Первая посадка была в Варшаве. И у девушки в голове звучала фраза из песни, которую вовсю пели в Сочи в июне. В «Камелии» — «На Варшаву! На Варшаву!» Какая-то польская песня это была. Девушка с подругой все время ходили в этот полупустой ресторан и сами заказывали «На Варшаву!» вместе с шампанским и «Черными глазами». Напивались там вдвоем с подружкой и танцевали. «На Варшаву!» — визжали, вторя певцу. Официант, увидев их в третий раз в ресторане вдвоем, без мужиков, сказал: «Девчонки, заберите с собой бутылки, вы же в который раз столько бухалова оставляете. А?» Они ему хорошие чаевые давали. Ну и забрали бутыль «Черных глаз», почти нетронутую. Ходили по темному парку у гостиницы, качаясь и падая в кусты, хохоча «На Варшаву! Оль-каааа!» И «Черные глаза» из горлышка пили.

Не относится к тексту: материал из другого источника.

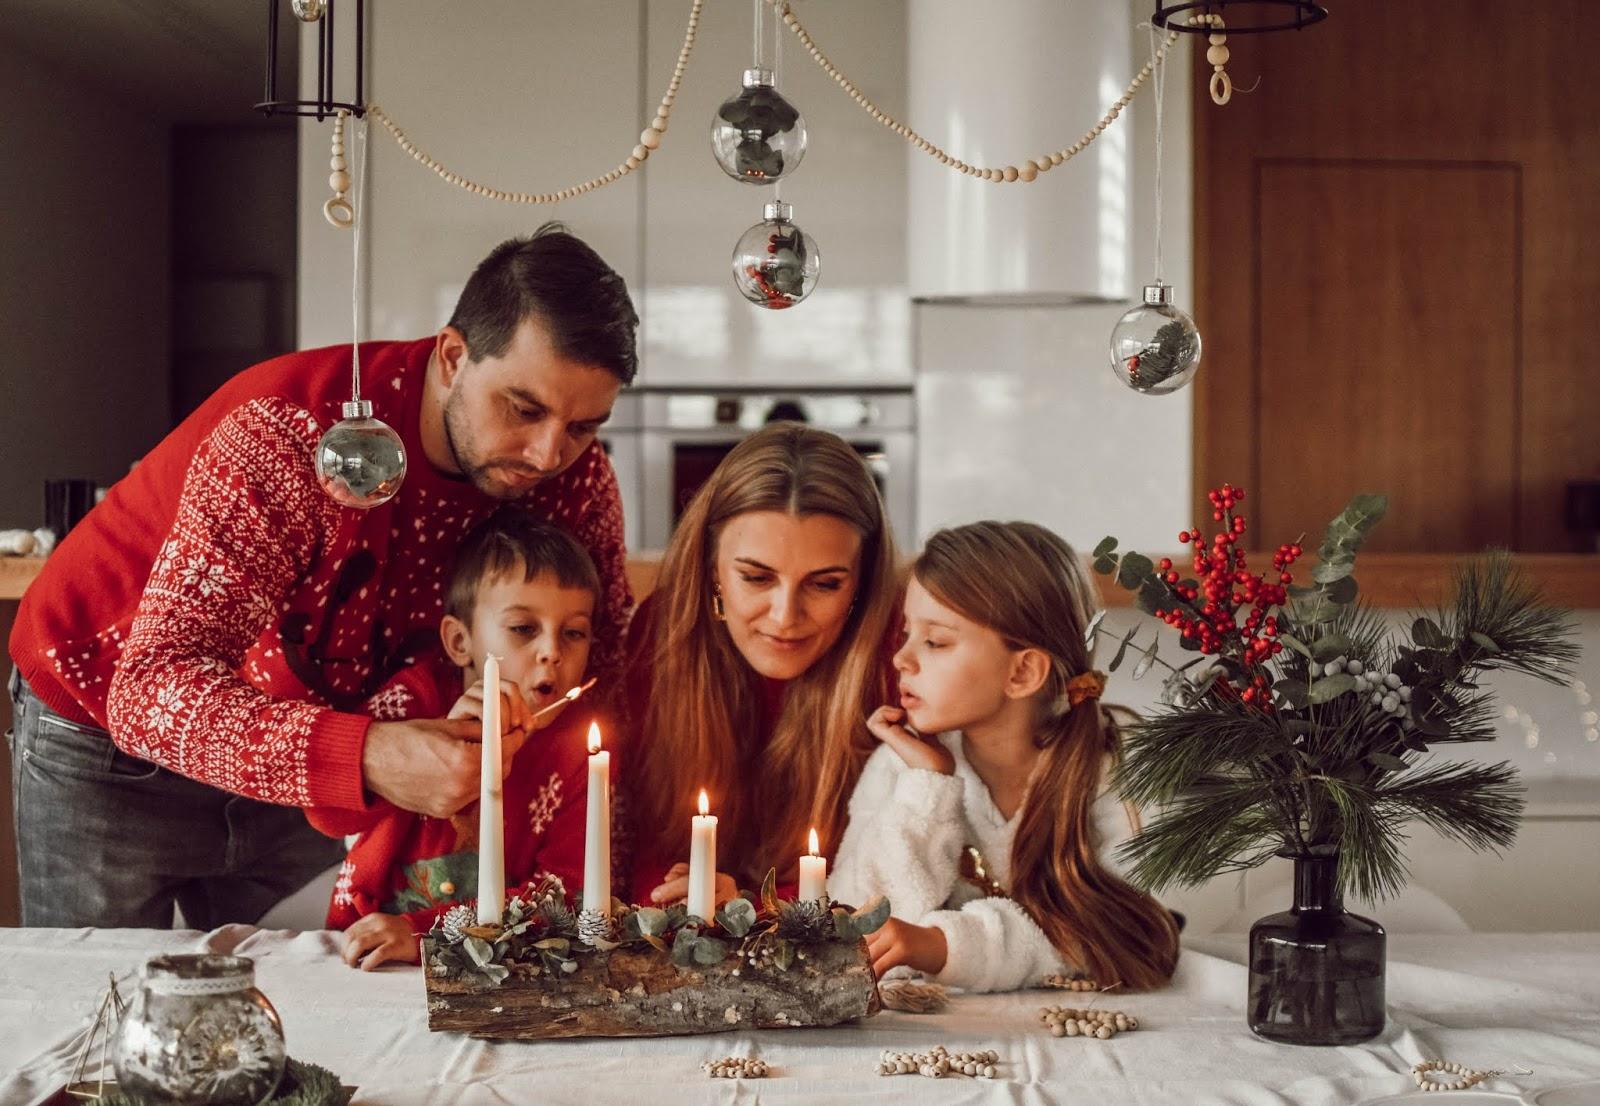 Inspirace // Vánoční čas u nás doma

Варшава была не настоящей заграницей, потому что всего-навсего — Польша. Транзитных пассажиров проводили на террасу, и они сидели на солнышке своей группкой. Там стоял автомат кока-колы. На доллары. И всем было жалко долларов, которые обменяли. 100 долларов на человека. У одинокой девушки в кармане пиджака, правда, обнаружились две бумажки по двадцать пять рублей. Видимо, мама потихоньку положила. Или тетя — всегда давала деньги. Но что с ними делать, с рублями? Хоккейный судья наконец отважился и пошел в зал, где была куча магазинчиков — «дьюти фри», то есть беспошлинные. Он купил блок сигарет и вернулся с ним на терраску. У него остались какие-то монетки, и все их разглядывали, считали, а Владик умолял дать ему. Чтобы кока-колу купить. И судья раскошелился, купил ему кока-колу. То есть, конечно, дал Владику монетку, и тот сам бросил ее в автомат. Это было главное, а не кока-кола. Она с грохотом выпала откуда-то сверху и приземлилась в специальном отсеке, где бутыль удерживали какие-то резиновые лопасти, чтобы не разбилась, видимо. Потом судья купил кока-колу своей жене Люде. А сам выпил «Столичной», прямо из горлышка, отвернувшись.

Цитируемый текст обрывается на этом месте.